12. Resources and Contact Information
Government Agencies
Osaka City Tourism Promotion Division (大阪市 観光 局)
Address: 1-3-20 Nakanoshima, Kita-ku, Osaka 530-8201
Website: Osaka City Tourism
Japan Tourism Agency (観光庁), National Minpaku Registration Authority
Registration Portal: Minpaku Registration System
Website: https://www.mlit.go.
Osaka Prefectural Government, Health, Welfare, and Labor Department
Address: 2-1-22 Ōtemae, Chūō-ku, Osaka 540-8570
Website: https://www.pref.osaka.lg.jp/
Filing Complaints
Suspected violations of the住宅宿泊事業法 (Minpaku Act, effective June 15, 2018) are reported directly to the Osaka City Tourism Promotion Division or the Japan Tourism Agency's national minpaku portal.

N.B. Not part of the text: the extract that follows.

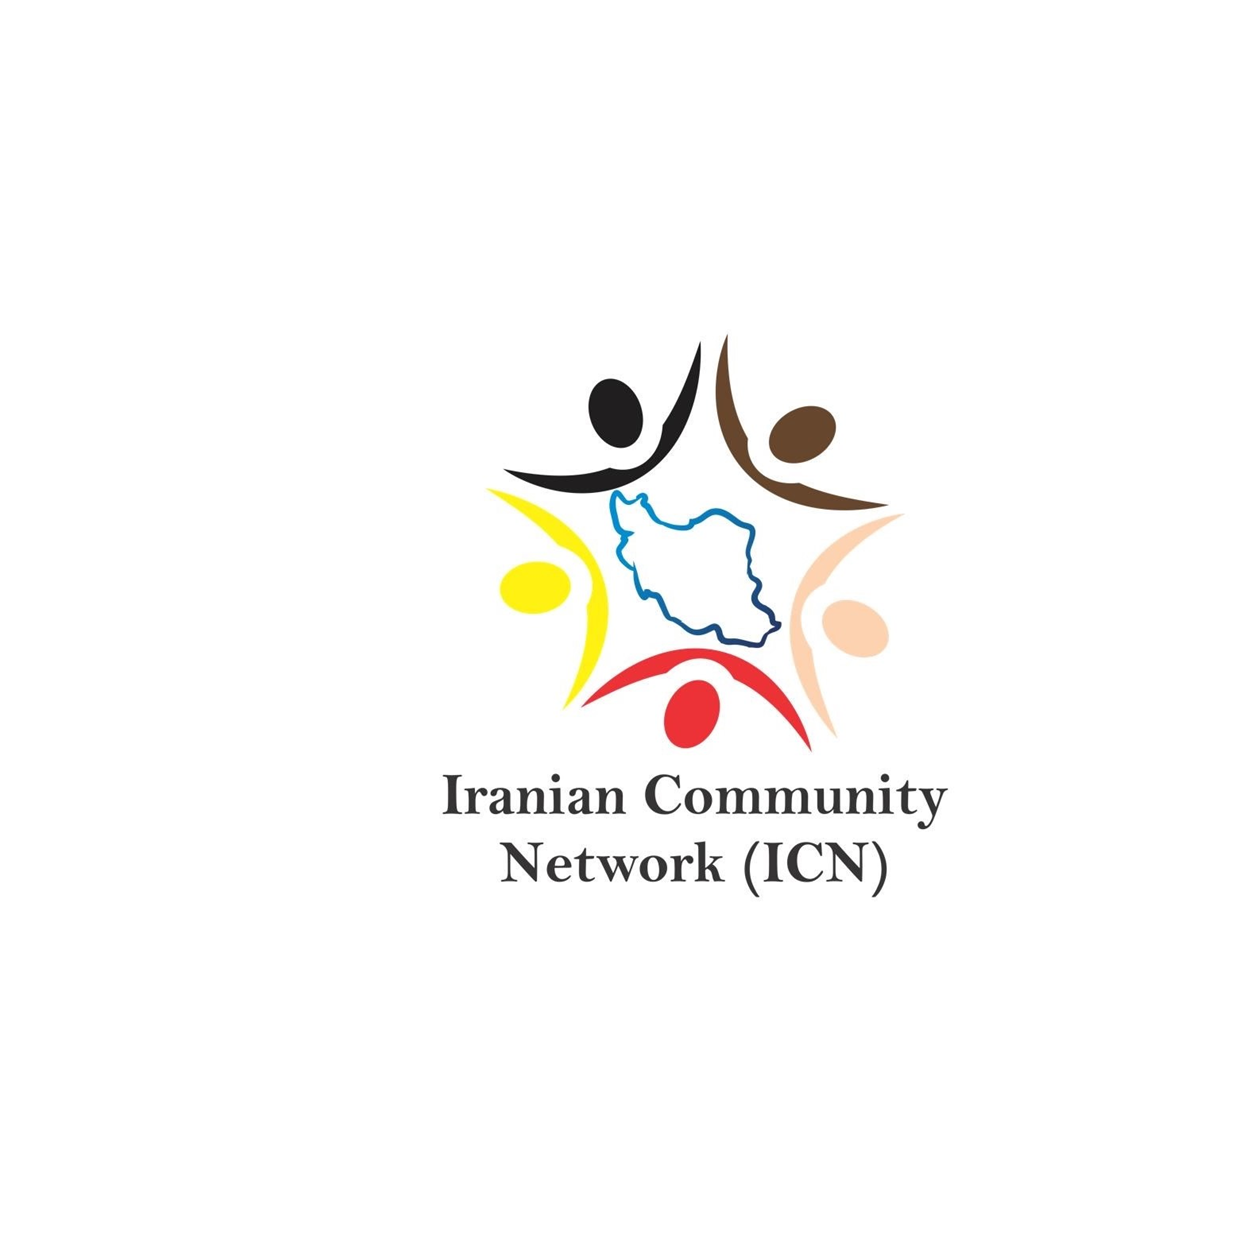 Iranian Community Network (ICN)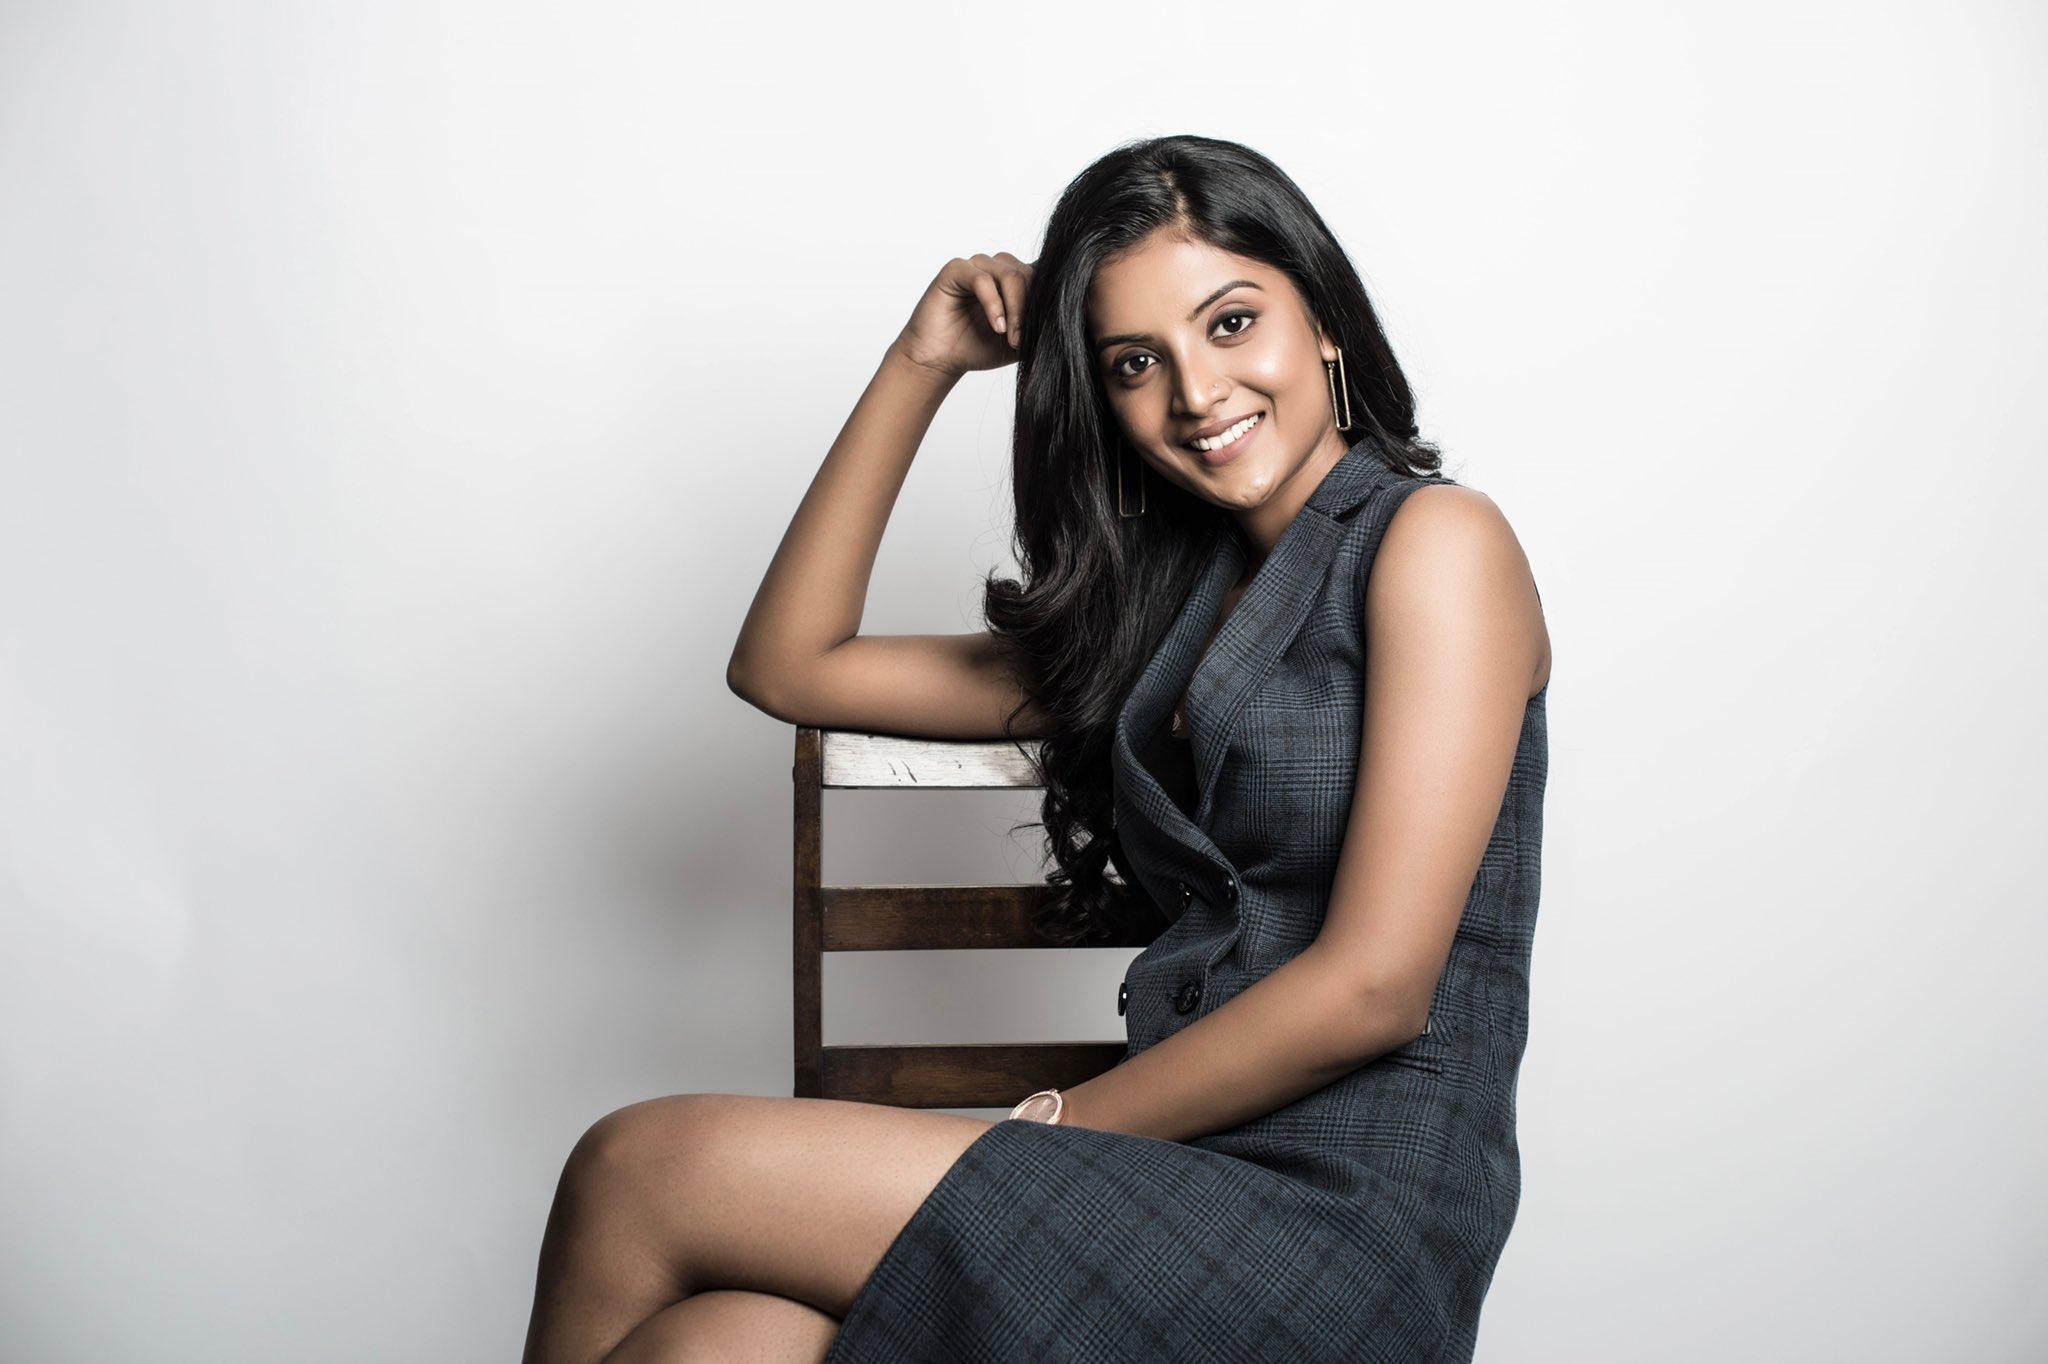 Tamil Actress Nivedhithaa Sathish New Photos (17)

Hosts operating without a valid registration number should be reported through the same channels. Osaka City also accepts complaints via its general civic inquiry line at 06-4301-7285.
Disclaimer
This information is provided for general guidance only and does not constitute legal advice. Short-term rental regulations in Osaka are complex and subject to change. Hosts should consult with qualified legal counsel and tax professionals to ensure full compliance with all applicable laws and regulations.
The enforcement space continues to evolve, and hosts are responsible for staying informed of current requirements.